We obtain from (1) \begin{align*} \color{blue}{\sum_{j=0}^n}&\color{blue}{ 2^n \binom{1/2}{n-j}\binom{j-1/2}{j}}\\ &=[x^n]\sqrt{\frac{1+2x}{1-2x}}\\ &=[x^n]\frac{1+2x}{\sqrt{1-4x^2}}\tag{2}\\ &=[x^n]\left(1+2x\right)\sum_{j=0}^\infty\binom{-\frac{1}{2}}{j}\left(-4x^2\right)^j\tag{3}\\ &=\left([x^n]+2[x^{n-1}]\right)\sum_{j=0}^\infty\binom{-\frac{1}{2}}{j}(-4)^jx^{2j}\tag{4}\\ &\,\,\color{blue}{=}\begin{cases} \color{blue}{\binom{-\frac{1}{2}}{m}(-4)^m}&\qquad\color{blue}{ n=2m}\\ \tag{5}\\ \color{blue}{2\binom{-\frac{1}{2}}{m}(-4)^m}&\qquad\color{blue}{ n=2m+1} \end{cases} \end{align*}

Comment:

• In (2) we expand the fraction with $1+2x$.

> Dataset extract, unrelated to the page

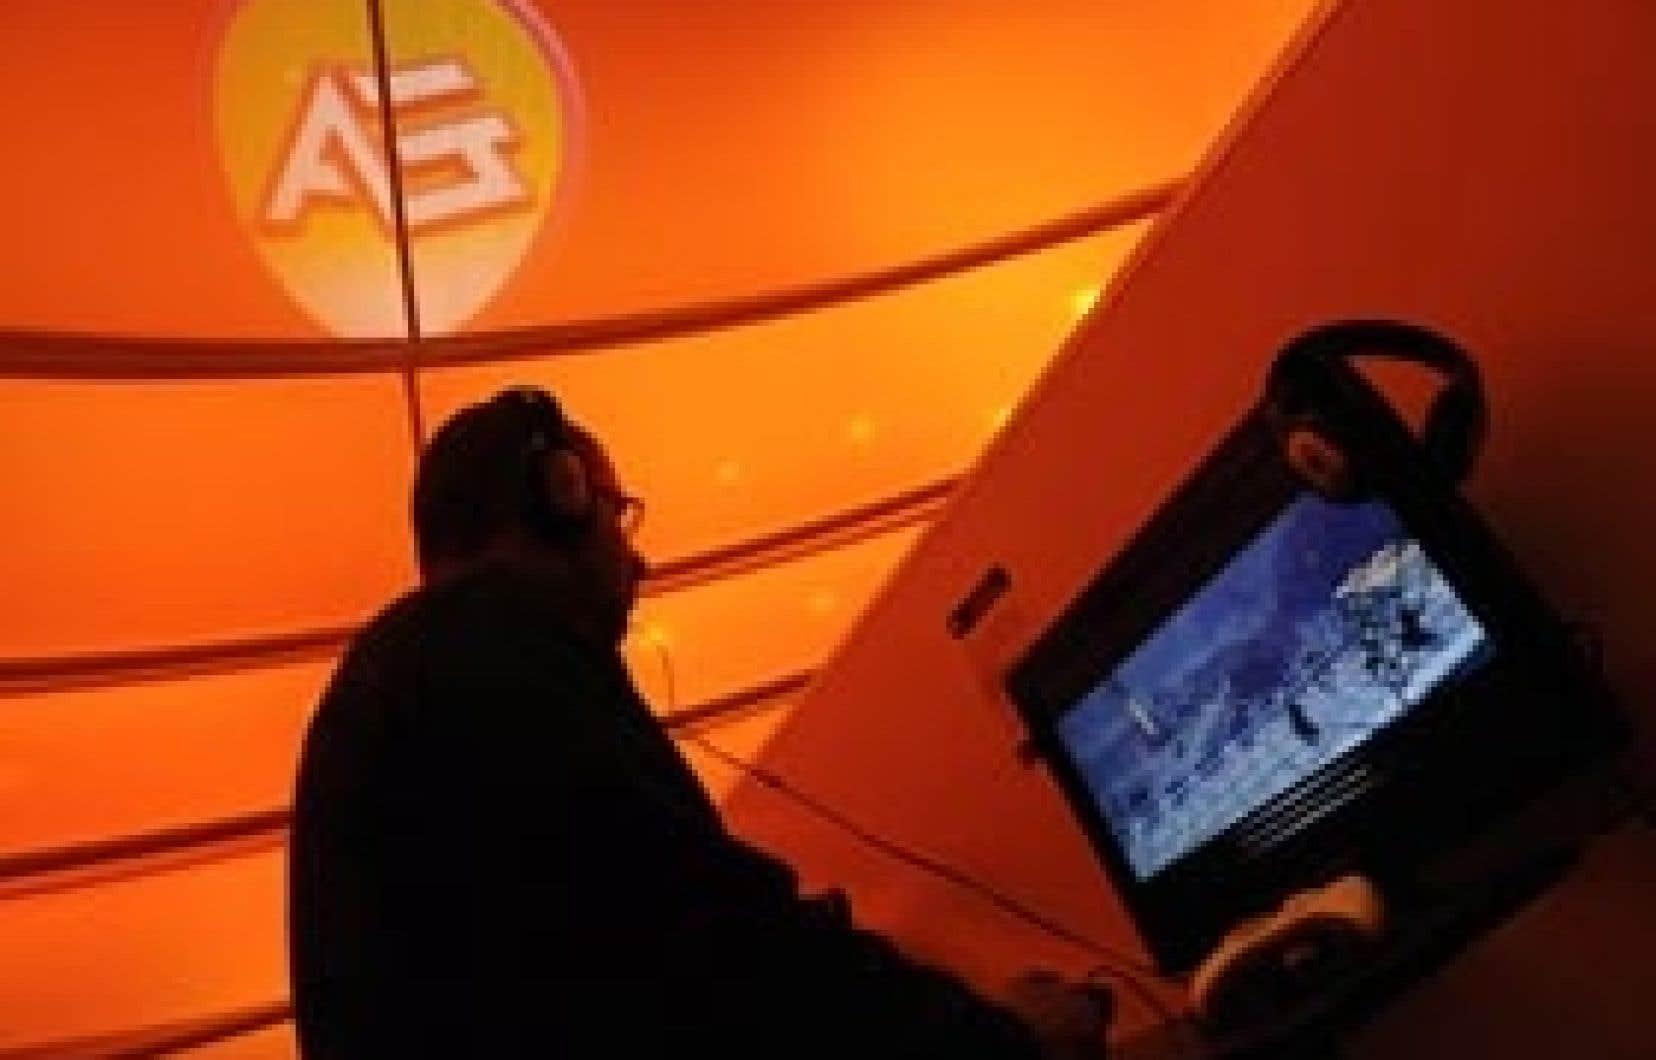 L'industrie canadienne du jeu vidéo a récolté des ventes records de 2,1 milliards de dollars en 2008, soit 500 millions de plus qu'en 2007.

• In (3) we apply the binomial series expansion.

• In (4) we use $[x^{p-q}]A(x)=[x^p]x^qA(x)$.

• In (5) we select the coefficient of $x^n$ for even and odd $n$.

Answer 2

Looks like $$2\binom{n-1}{\lfloor(n-1)/2\rfloor}-[n=0].$$ See OEIS A063886.